Analyzing data from a controlled study done in Brazil of over 223,000 people in an article on Substack, Malone concludes: “The results of this study clearly demonstrate that prophylactic use of ivermectin must be initiated immediately for people in high risk categories in the United States and worldwide.”
Yet another meta-analysis, just published on March 21 of 2022, examined studies done on ivermectin and COVID-19 to analyze why some showed that patients receiving ivermectin did better than controls, while other studies showed no benefit. According to these authors, the difference in how COVID-19 patients on ivermectin did varied depending on whether the patients lived in an area in which a certain type of worm was prevalent or not.
It may seem counterintuitive, but this study found that people in areas with widespread infection from nematode worms of the genus Strongyloides didn’t get as sick from COVID-19. Perhaps because their immune systems, busy fighting parasitic worms, did not overwhelm them with cytokine storms.
We don’t think of worm infections as beneficial.
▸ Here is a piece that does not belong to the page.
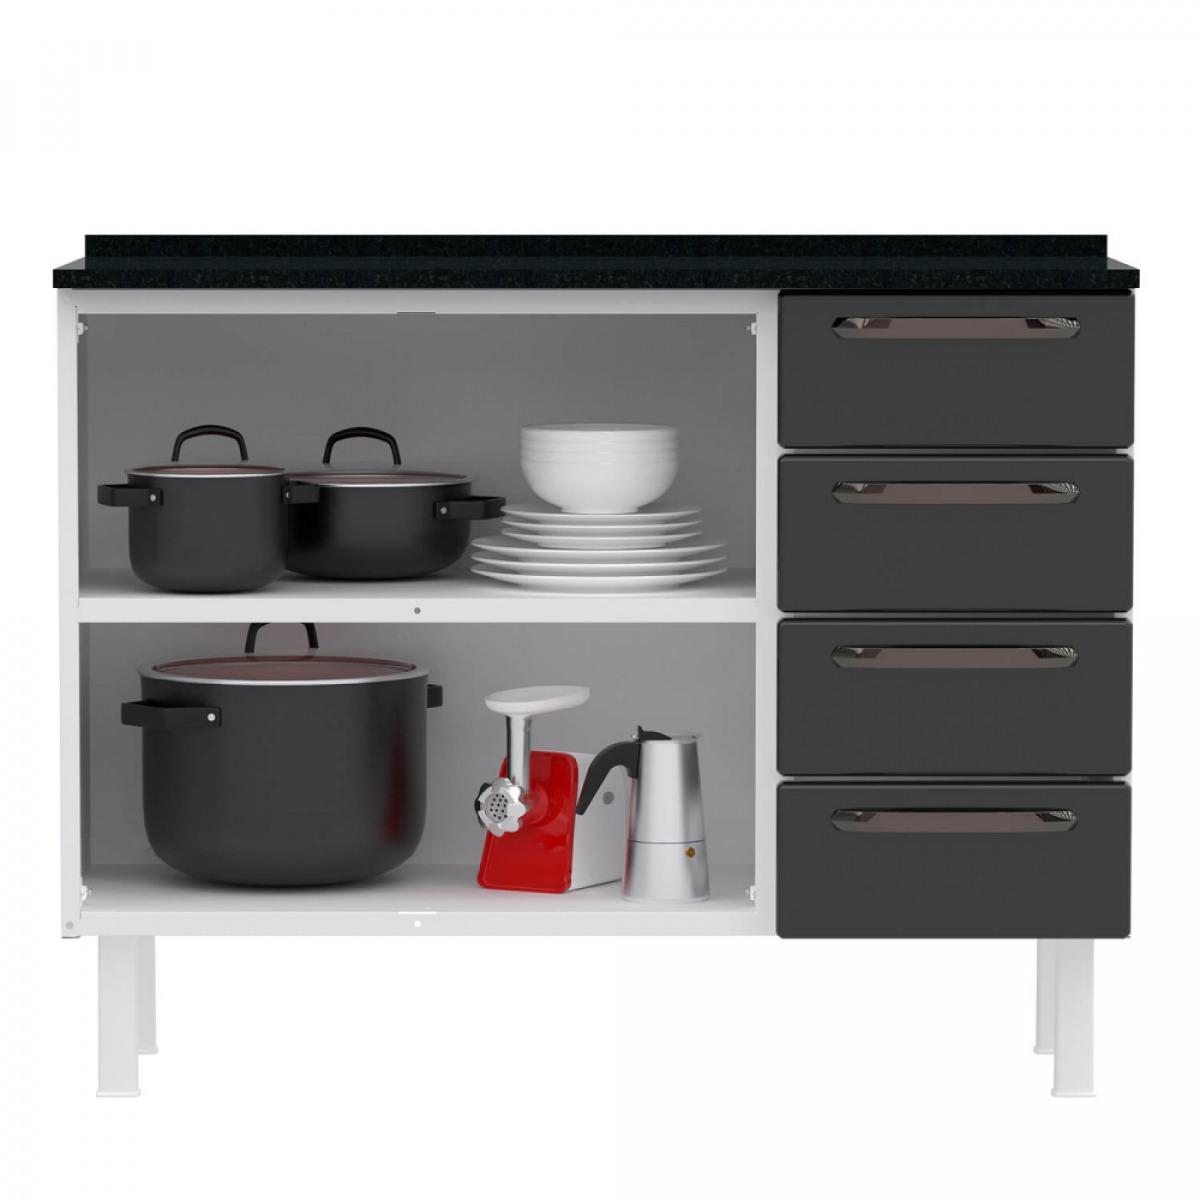 Balcão de Cozinha Colormaq Titanium 105cm 2 Portas, 4 Gavetas em Aço

But this research dovetails with results of a recent study from Ethiopia published in the Lancet. Of the 751 patients who were infected with SARS-CoV-2, those who had intestinal parasites (either worms or protists) tended not to progress to severe disease. Eleven patients in this cohort died. But none of deaths occurred in people who had parasites.
Juan Chamie, senior data analyst for the Front Line COVID-19 Critical Care Alliance, a non-profit organization founded by medical doctors that is dedicated to developing effective treatment protocols to prevent the transmission of COVID-19 and to improve outcomes for sick patients, has been tracking the use of ivermectin to combat COVID across the globe since May of 2020.
Chamie has compiled all the data into a striking series of charts, published on the FLCCC website, that show that localities that introduced ivermectin as a part of their treatment protocols saw significant drops in their COVID rates, perhaps as a result.
If Chamie’s analysis is correct—and that’s a very big if—the outright dismissal of a low-risk, inexpensive, potentially preventive treatment with a long record of safety could be the single most deadly, not to mention unethical, policy error of this pandemic.